Yokohama is not the proper place to arrange impressions in. The Pacific Ocean knocks at your door, asking to be looked at; the Japanese and American men–of–war demand serious attention through a telescope; and if you wander about the corridors of the Grand Hotel, you stop to play with Spanish Generals, all gold lace and spurs, or are captured by touts for curio–shops. It is not a nice experience to find a Sahib in a Panama hat handing you the card of his firm for all the world like a Delhi silk–merchant. You are inclined to pity that man, until he sits down, gives you a cigar, and tells you all about his diseases, his past career in California, where he was always making money and always losing it, and his hopes for the future. You see then that you are entering upon a new world. Talk to every one you meet, if they show the least disposition to talk to you, and you will gather, as I have done, a host of stories that will be of use to you hereafter. Unfortunately, they are not all fit for publication. When I tore myself away from the distractions of the outer world, and was just sitting down to write seriously on the Future of Japan, there entered a fascinating man, with heaps of money, who had collected Indian and Japanese curios all his life, and was now come to this country to get some old books which his collection lacked. Can you imagine a more pleasant life than his wanderings over the earth, with untold special knowledge to back each signature of his cheque–book?
In five minutes he had carried me far away from the clattering, fidgetty folk around, to a quiet world where men meditated for three weeks over a bronze, and scoured all Japan for a sword–guard designed by a great artist and—were horribly cheated in the end.
"Who is the best artist in Japan now?" I asked.

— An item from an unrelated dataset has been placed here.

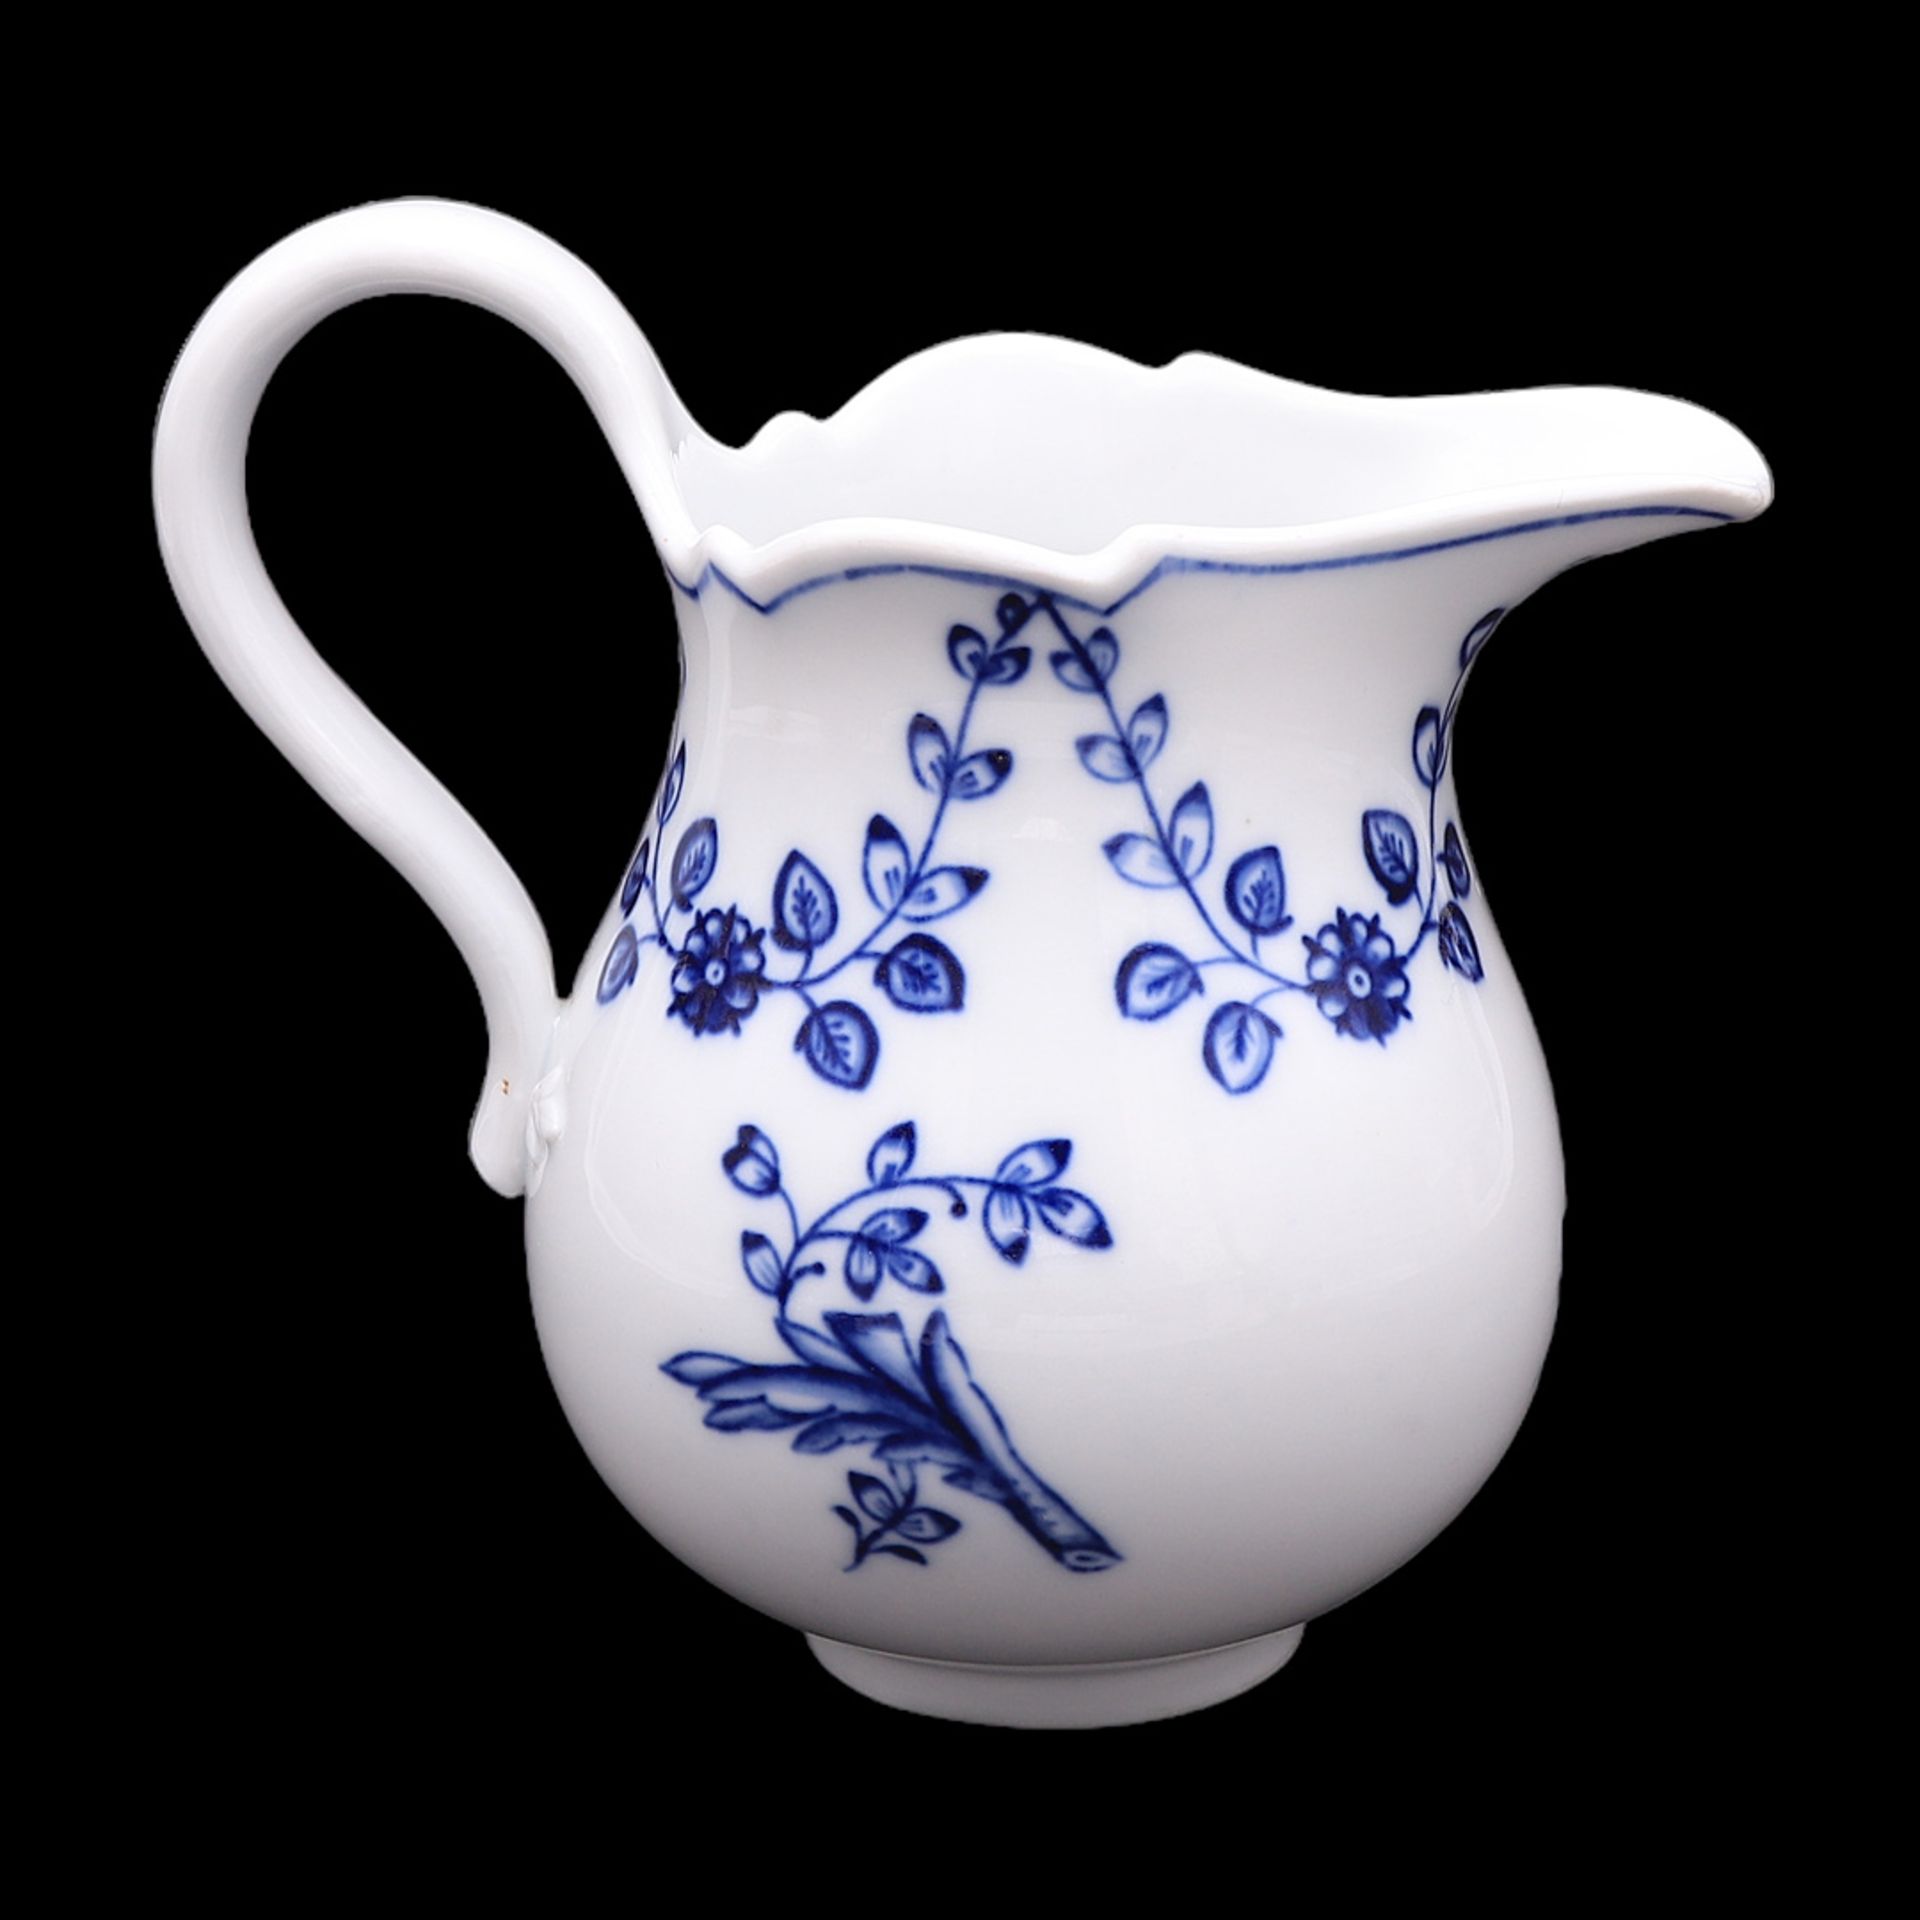 Meissen cream jug with flower painting - Image 3 of 3

"He died in Tokio, last Friday, poor fellow, and there is no one to take his place. His name was K―, and as a general rule he could never be persuaded to work unless he was drunk. He did his best pictures when he was drunk."

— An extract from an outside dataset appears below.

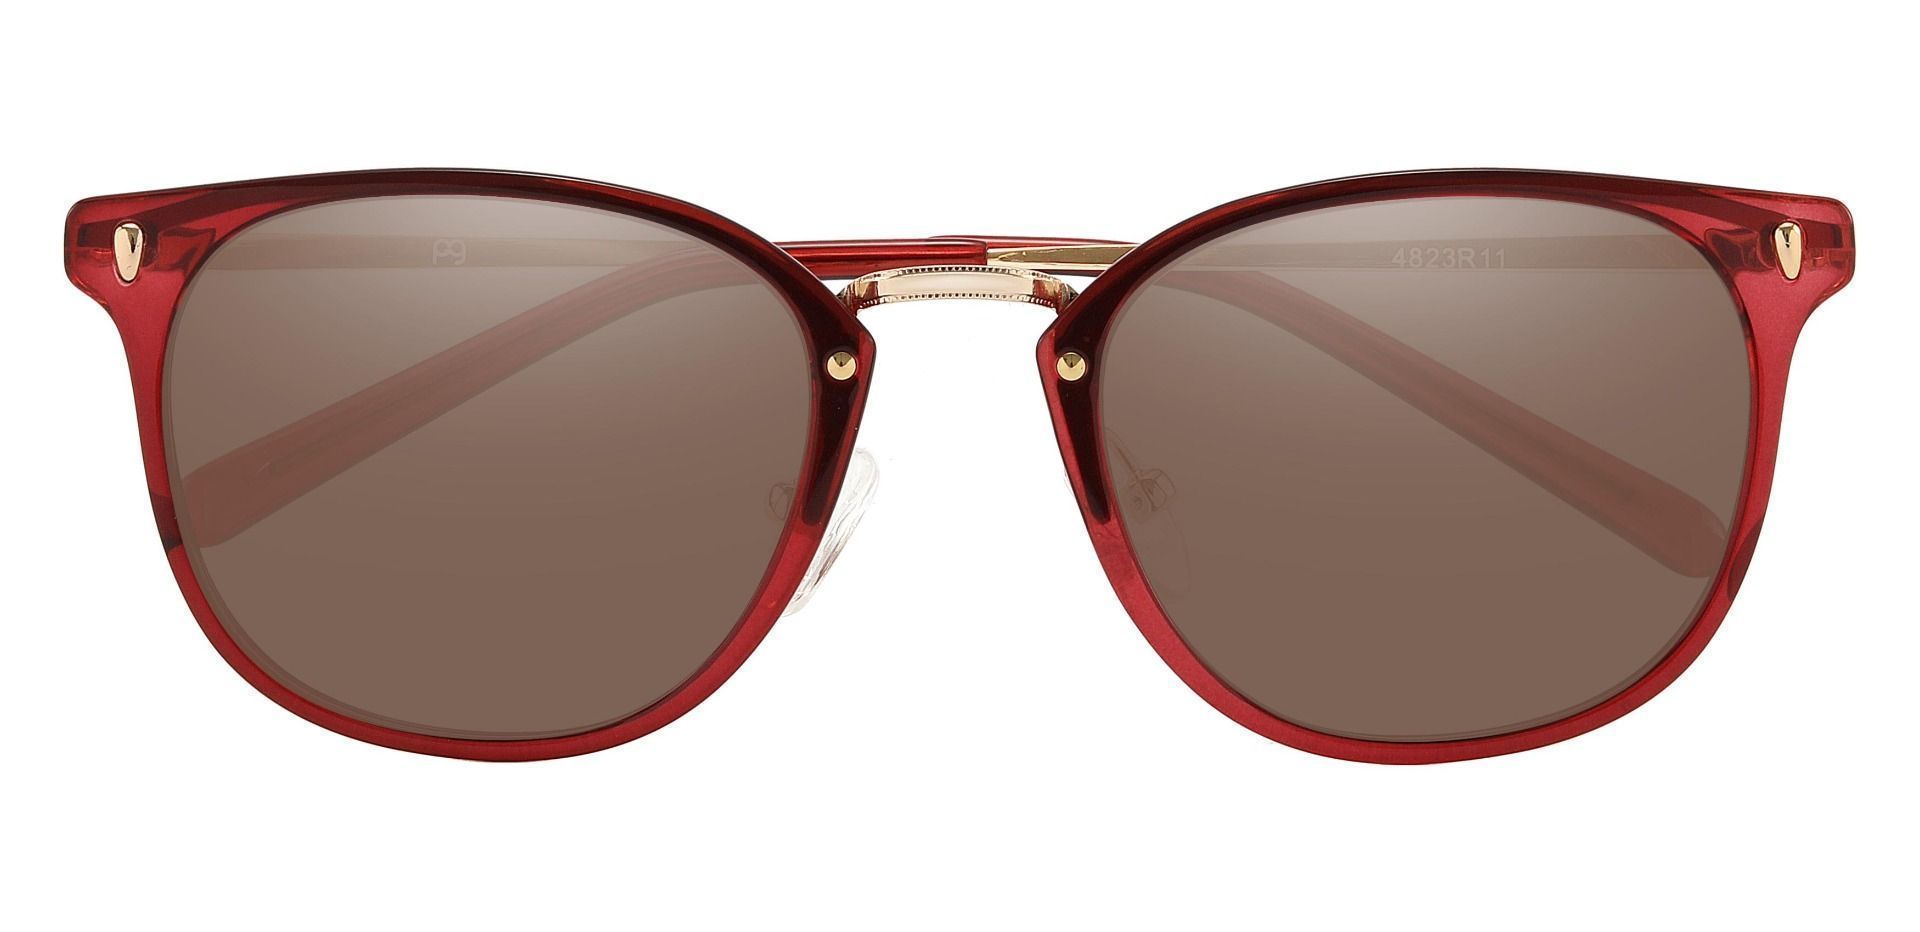 St. Clair Oval Prescription Sunglasses - Red Frame With Brown Lenses

"Ému. Artists are never drunk."
"Quite right. I'll show you a sword–guard that he designed. All the best artists out here do a lot of designing. K― used to fritter away his time on designs for old friends. Had he stuck to pictures he could have made twice as much. But he never turned out potboilers. When you go to Tokio, make it your business to get two little books of his called Drunken Sketches—pictures that he did, when he was—ému. There is enough dash and go in them to fill half a dozen studios. An English artist studied under him for some time. But K―'s touch was not communicable, though he might have taught his pupil something about technique. Have you ever come across one of K―'s crows? You could tell it anywhere. He could put all the wicked thoughts that ever came into the mind of a crow—and a crow is first cousin to the Devil—on a piece of paper six inches square, with a brush of Indian ink and two turns of his wrist. Look at the sword–guard I spoke of. How is that for feeling?"
On a circular piece of iron four inches in diameter and pierced by the pole for the tang of the blade, poor K―, who died last Friday, had sketched the figure of a coolie trying to fold up a cloth which was bellying to a merry breeze—not a cold wind, but a sportive summer gust. The coolie was enjoying the performance, and so was the cloth. It would all be folded up in another minute and the coolie would go on his way with a grin.
This thing had K― conceived, and the faithful workman executed, with the lightest touches of the graver, to the end that it might lie in a collector's cabinet in London.
"Wah! Wah!" I said, and returned it reverently. "It would kill a man who could do that to live after his touch had gone. Well for him he died—but I wish I had seen him. Show me some more."
"I've got a painting by Hokusai—the great artist who lived at the end of the last century and the beginning of this. Even you have heard of Hokusai, haven't you?"